Given the records underneath, please repeat exactly the lines from the line with "the monitor in" through the line with "③Toyota CELICA GT-FOUR", passing over any picture.

— RECORDED INFORMATION —
--- START ---

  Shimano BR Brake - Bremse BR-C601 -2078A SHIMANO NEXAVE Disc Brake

--- END ---
--- START ---

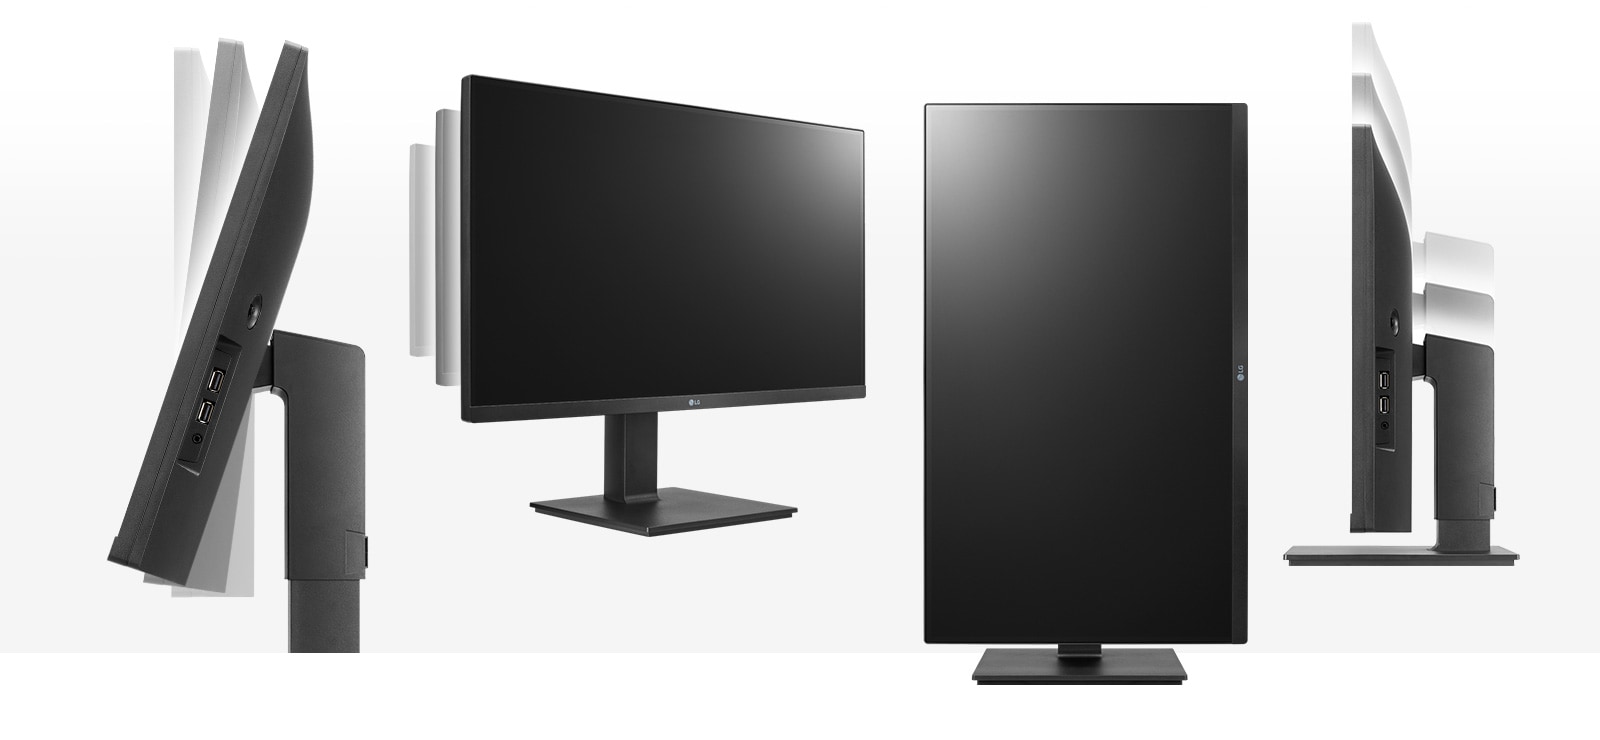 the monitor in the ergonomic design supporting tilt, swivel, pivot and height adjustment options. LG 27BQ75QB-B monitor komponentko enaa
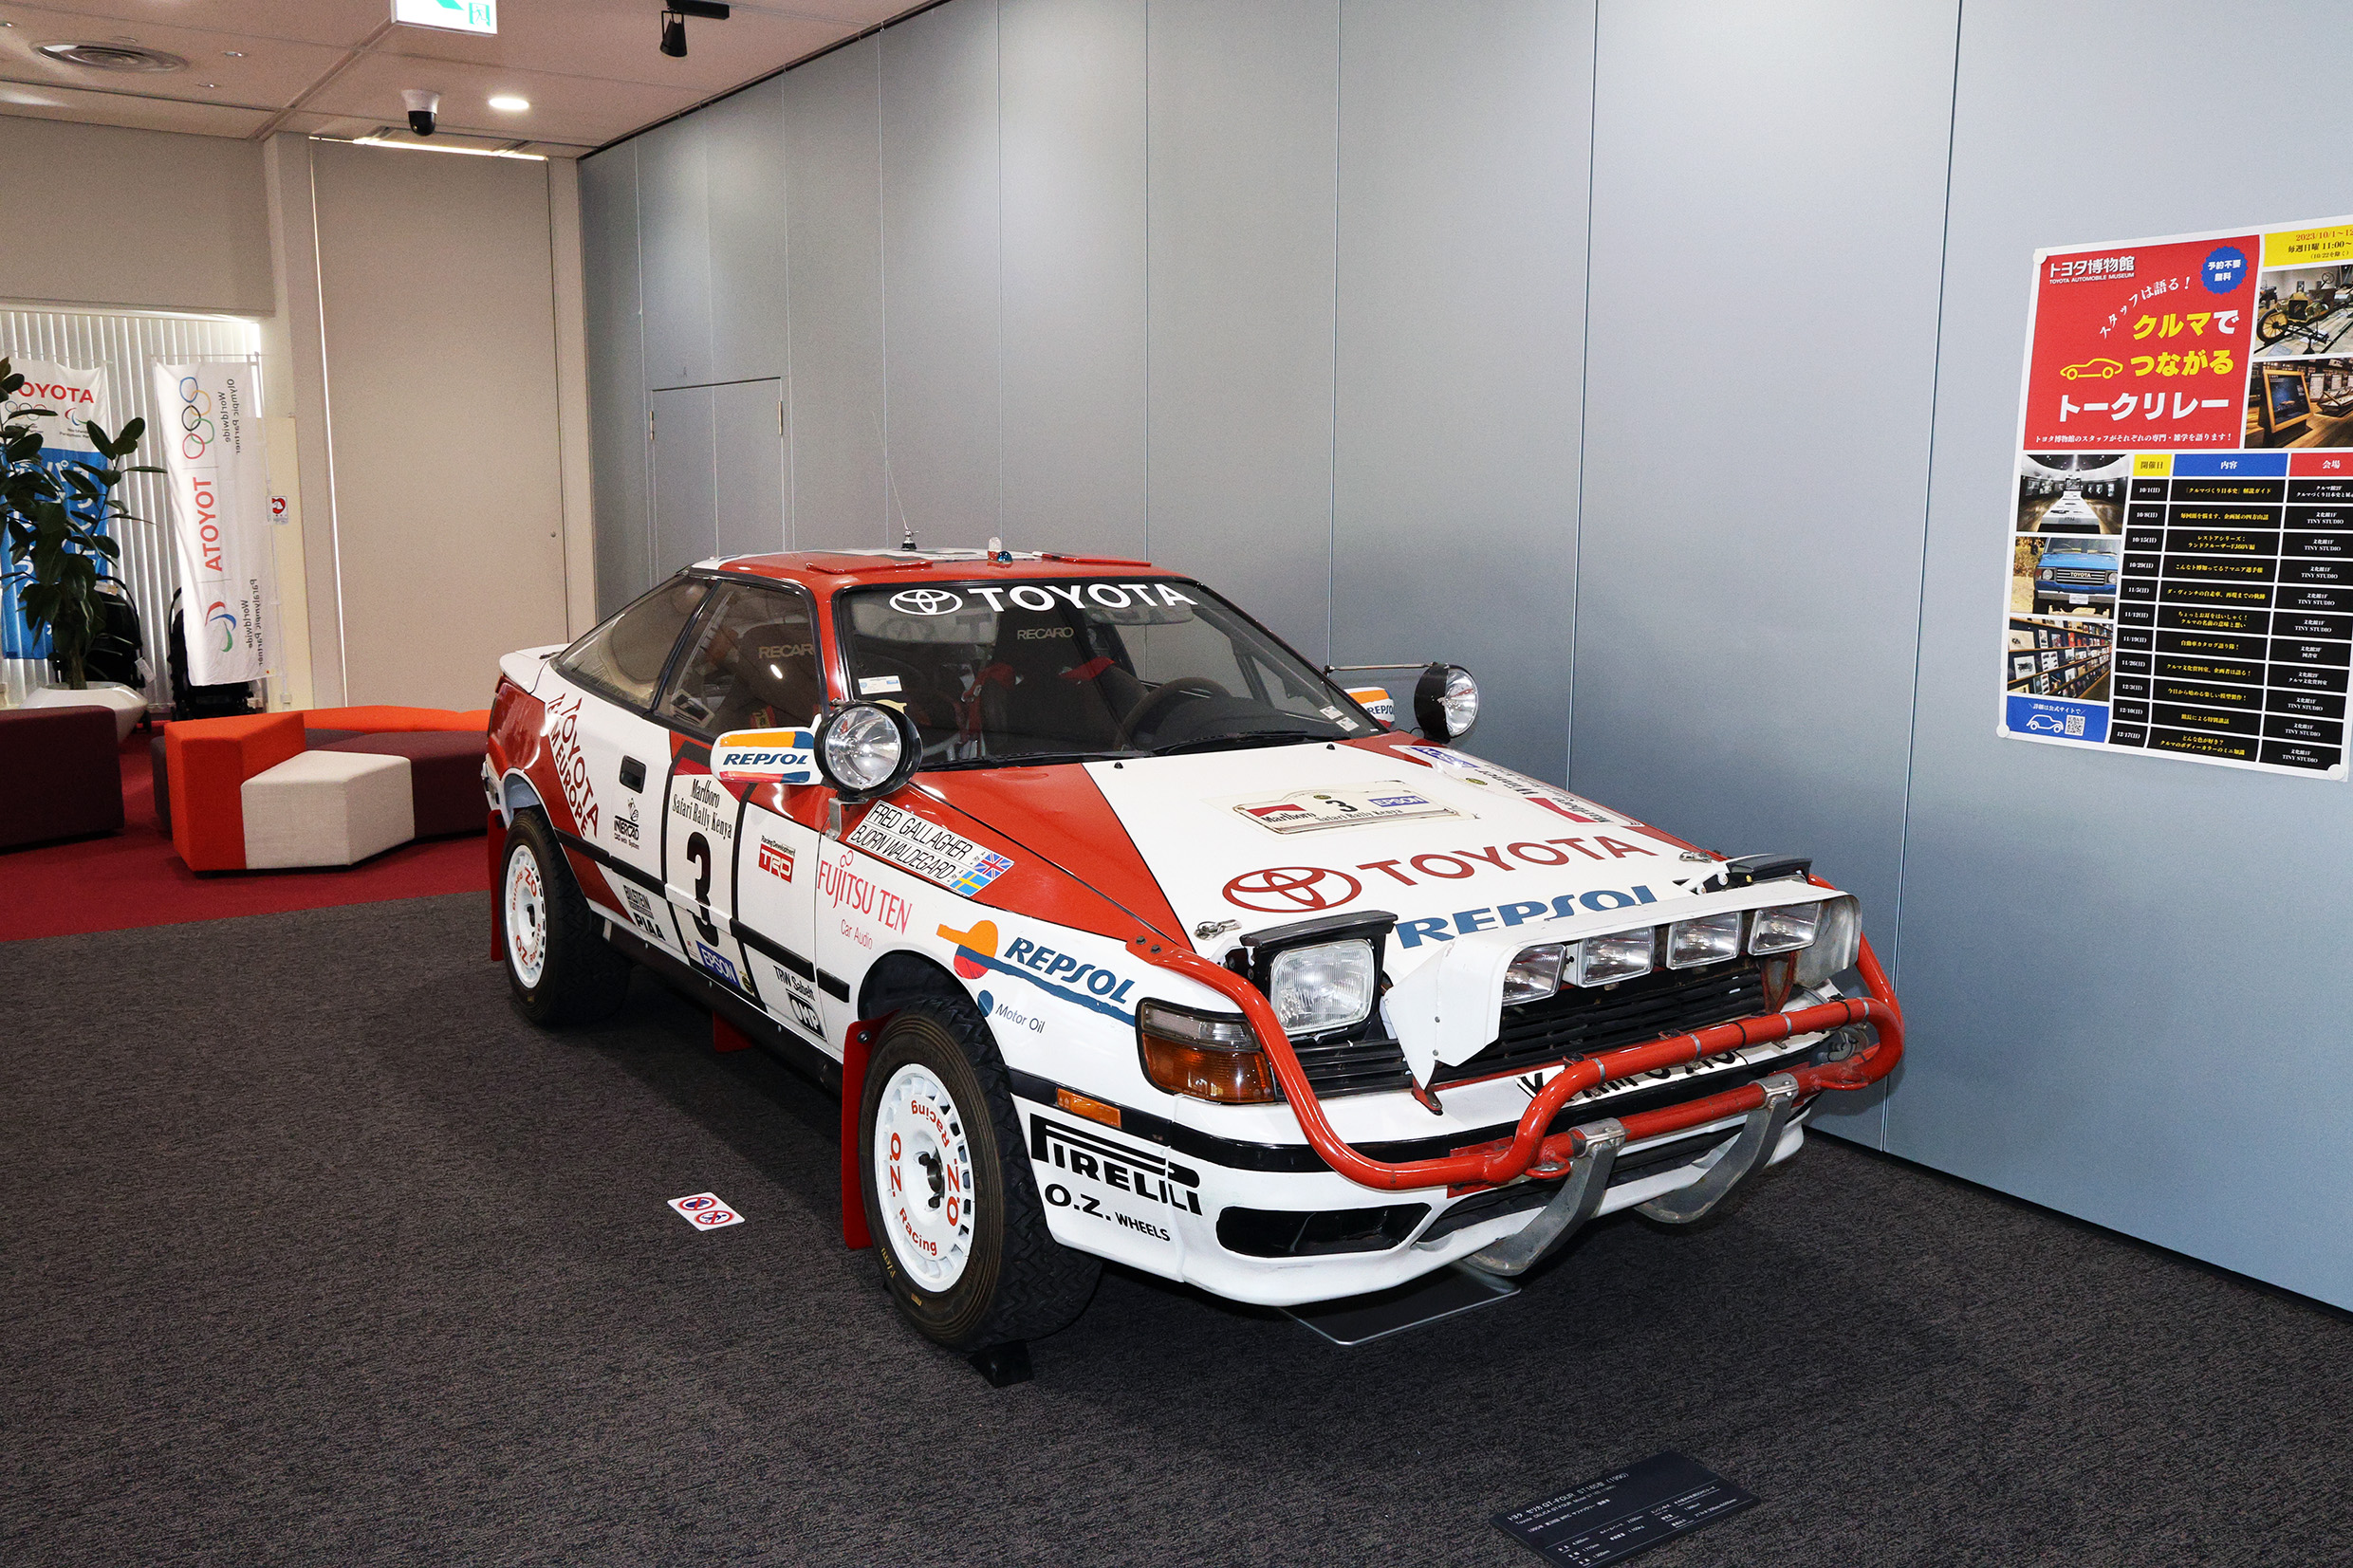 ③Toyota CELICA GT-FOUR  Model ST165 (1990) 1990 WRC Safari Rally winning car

--- END ---

— EXERCISE RESULT —
 the monitor in the ergonomic design supporting tilt, swivel, pivot and height adjustment options. LG 27BQ75QB-B monitor komponentko enaa
 ③Toyota CELICA GT-FOUR  Model ST165 (1990) 1990 WRC Safari Rally winning car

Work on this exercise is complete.